Habitable Zone Waterworlds would usually have no land or very little land

A paper suggests that habitable zone waterworlds like Earth would usually have no land or very little land. This would be another factor that would make technological civilizations more rare.

On a purely statistical basis, one naïvely expects to find a highly asymmetric division of land and ocean surface areas. A natural explanation for the Earth’s equitably partitioned surface is an evolutionary selection effect. We have highlighted two mechanisms that could be responsible for driving this selection effect. First of all, planets with highly asymmetric surfaces (desert worlds or waterworlds) are likely to produce intelligent land-based species at a much lower rate. Secondly, planets with larger habitable areas are capable of sustaining larger populations. Both of these factors imply that our host planet has a greater habitable area than most life-bearing worlds.

We have exploited this model of planetary fecundity to draw two major conclusions. First of all, we find that the Earth’s oceanic area provides substantial evidence in favour of the selection model. Secondly, in the context of this model, we find that most habitable planets have surfaces that are over 90 per cent water (95 per cent credible interval).

If it transpires that the Earth is indeed unusually dry for a habitable planet, then one might wonder what the mechanism was. Does the Solar system have some distinguishing feature that was responsible? For example, perhaps the low eccentricities and inclinations of Solar system planets are inefficient at promoting water delivery.

It also appears feasible that the Earth has an unusually deep ocean basin. The gravitational potential associated with its surface fluctuations is much higher than any other body in the Solar system. In turn, this may suggest that the Earth has unusually strong tectonic activity, and consequentially, an abnormally strong magnetic field. This exemplifies how selection effects can easily be transferred to correlated variables.

Earth’s land configuration may be optimized to ensure that the majority of the available area is habitable, thereby maximizing its fecundity.

Centauri Dreams discusses the paper.

Simpson’s paper is an intriguing read and one that should provide fodder for science fiction scenarios (I consider that all to the good), but it’s highly speculative given that our models of water delivery in the early Solar System are still works in progress. What we come back to again and again is the need for observation. In the Titan reference Simpson makes early in the paper, it was data that proved the point made by Dermott and Sagan, and data that are required to put such factors as the depth of Earth’s water basins in a cosmic context. So we can keep waterworld theories in mind as we begin studying the actual atmospheric content of exoplanets within coming decades, when new space- and ground-based resources come online.

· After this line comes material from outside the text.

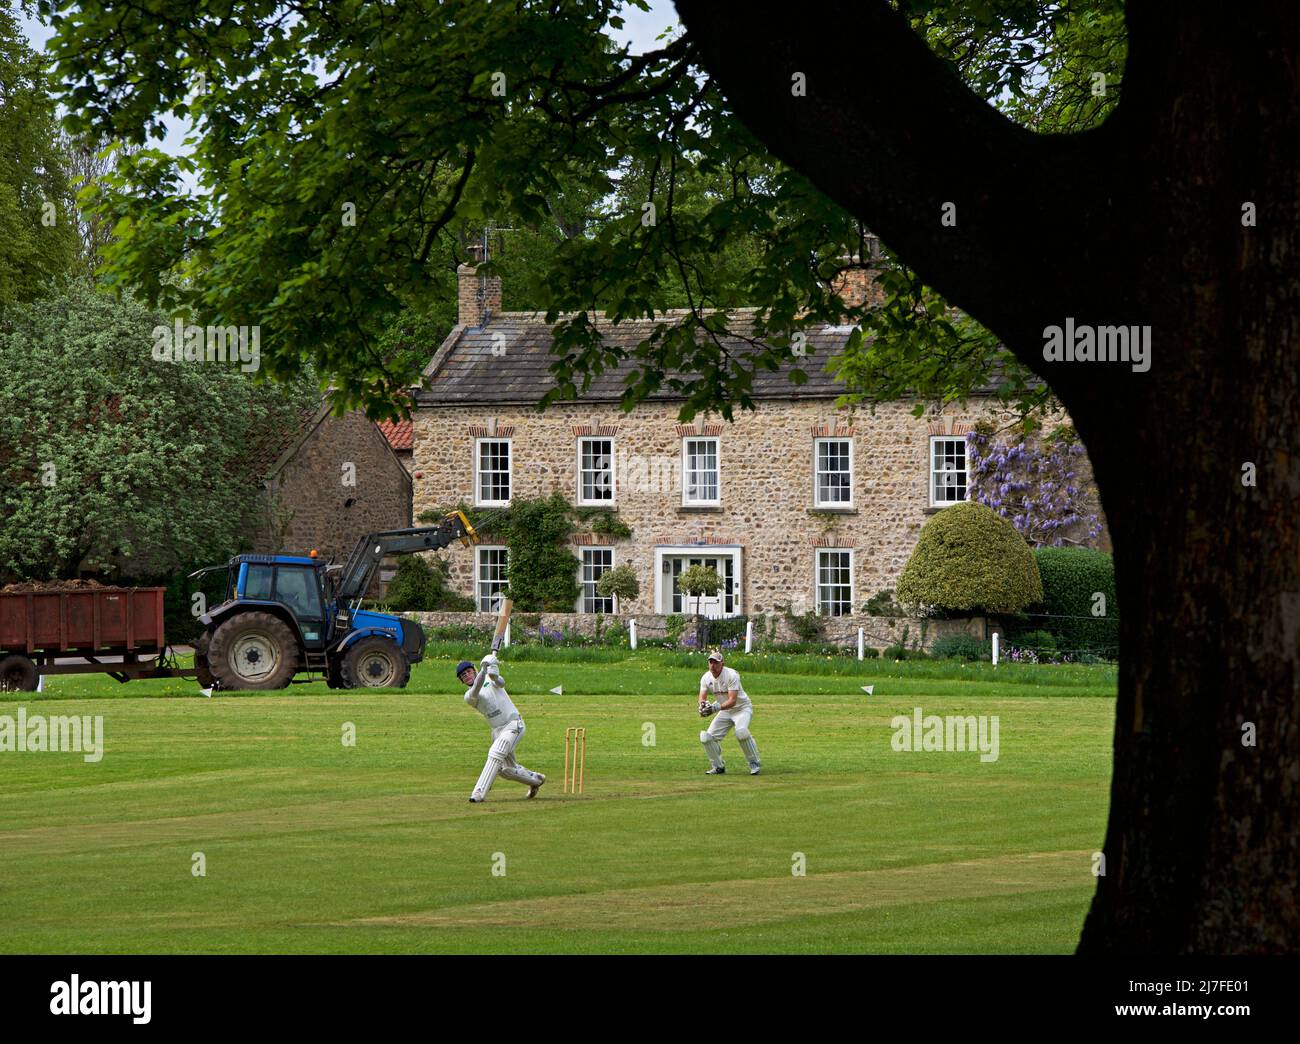 Cricket match in progress in the village of Crakehall, North Yorkshire, England UK Stock Photo

For a planetary surface to boast extensive areas of both land and water, a delicate balance must be struck between the volume of water it retains and the capacity of its perturbations. These two quantities may show substantial variability across the full spectrum of water-bearing worlds. This would suggest that, barring strong feedback effects, most surfaces are heavily dominated by either water or land. Why is the Earth so finely poised? To address this question, we construct a simple model for the selection bias that would arise within an ensemble of surface conditions. Based on the Earth’s ocean coverage of 71 per cent, we find substantial evidence (Bayes factor K ≃ 6) supporting the hypothesis that anthropic selection effects are at work. Furthermore, due to the Earth’s proximity to the waterworld limit, this model predicts that most habitable planets are dominated by oceans spanning over 90 per cent of their surface area (95 per cent credible interval). This scenario, in which the Earth has a much greater land area than most habitable planets, is consistent with results from numerical simulations and could help explain the apparently low-mass transition in the mass–radius relation.